Рубцы насилий и обид,

Растленье душ и пустота,

Что гложет ум и в сердце ноет, —

Кто их излечит, кто прикроет?..

Ты, риза чистая Христа...

 

Или прочитаем строфу:

 

Пускай страдальческую грудь

Волнуют страсти роковые —

Душа готова, как Мария,

К ногам Христа навек прильнуть.

 

Наконец, в завершение рассуждений о вере Тютчева — вере, всю его жизнь с напряжением одолевавшей неверие, — вспомним последний его поэтический вздох, вспомним строки, излившиеся буквально на смертном одре — строки, где Тютчев, подобно библейскому Иову, все потерявший, все ж не отрекся от Бога:

 

Все отнял у меня казнящий Бог:

Здоровье, силу, волю, воздух, сон,

Одну тебя при мне оставил Он,

Чтоб я Ему еще молиться мог.

VIII

 

Как он ни полон противоречий — но в отношении к России незыблемо-тверд, монолитно-един*. В чем же дело? Или патриотизм Тютчева всего лишь причуда и прихоть поэта, как думали многие, — или же мы приближаемся к центру, к “солнечному сплетению” его личности, к точке, где все возможные противоречия сходятся и уравновешивают друг друга?
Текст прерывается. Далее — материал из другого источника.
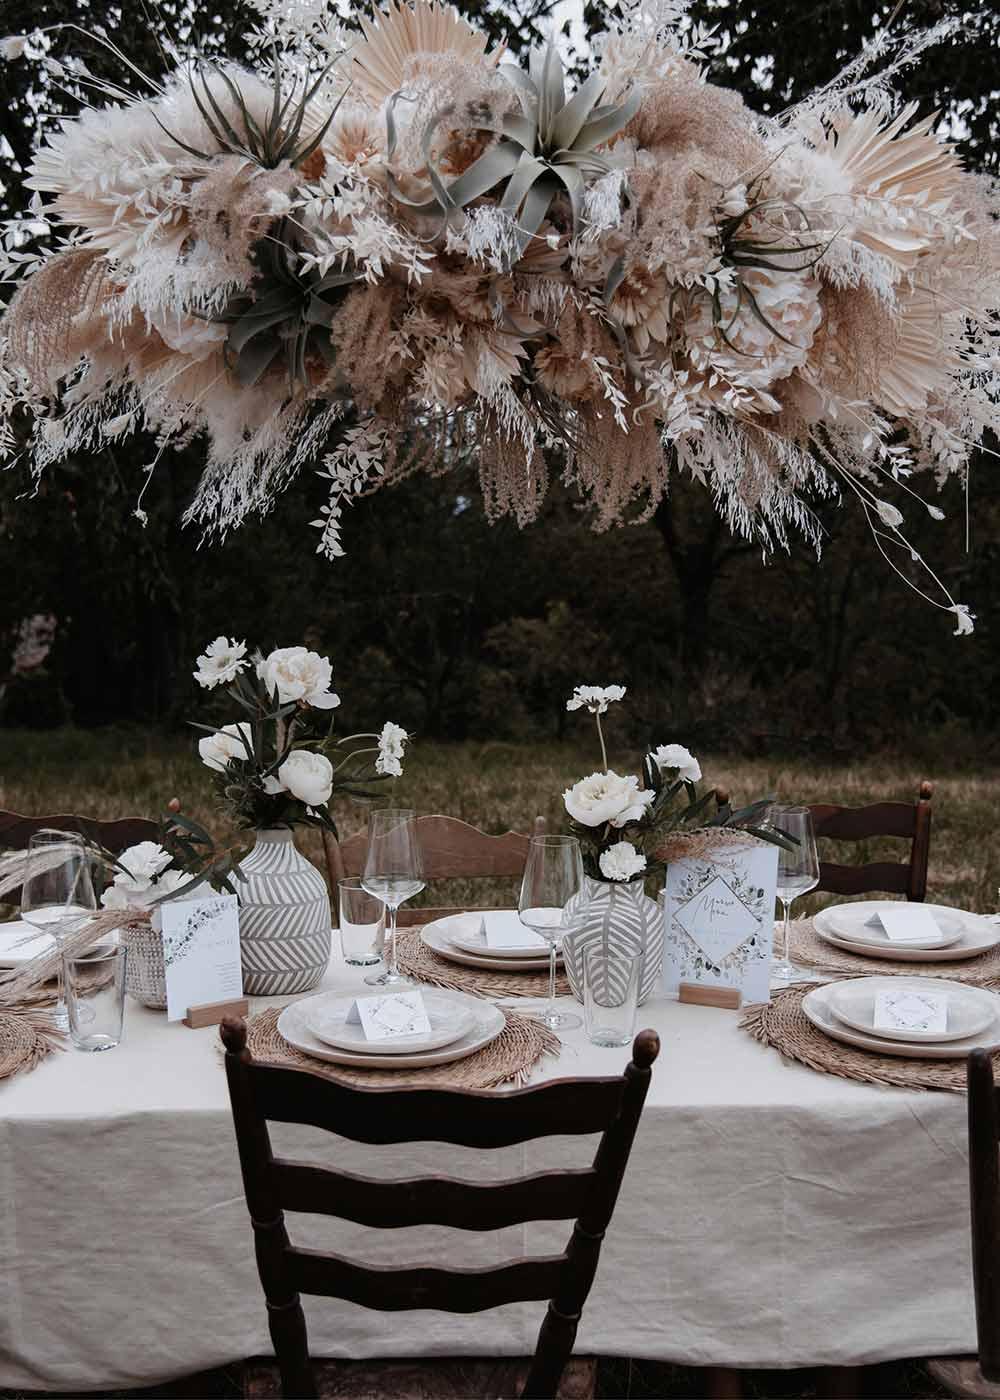 Das Highlight am Hochzeitstisch ist die auffällige Pflanzendeko über den Tischen. Zusammen mit den Blumen auf den Tischen und der liebevoll ausgewählten Papeterie wirken sie sehr harmonisch.

Современное Тютчеву общественное мнение было по отношению к нему “столь же невежественно, сколь и неблагодарно” — как и Европа, по этому пушкинскому выражению, была “невежественна... и неблагодарна” к России. В самом деле: считать его взгляды причудой оригинального старика и в то же время — разинувши, что называется, рты — слушать Тютчева как коммен­татора политических новостей! Но совершенно же очевидно, что быть политическим аналитиком такого, как Тютчев, высшего уровня, речами которого заслушивался весь образованный Петербург и остроты которого передавались, как драгоценность, — означало иметь свою точку зрения на события и стоять на ней твердо и независимо. Этой опорой и “почвой” для Тютчева были именно убеждения патриота, консерватора и монархиста, которые он пронес через всю свою жизнь, пребывая не просто в здравом уме, твердой памяти — но являясь мыслителем несравненной силы. Досадно, что люди готовы слушать кого угодно, внимать лжецам и глупцам — но игнорировать мнение национального гения.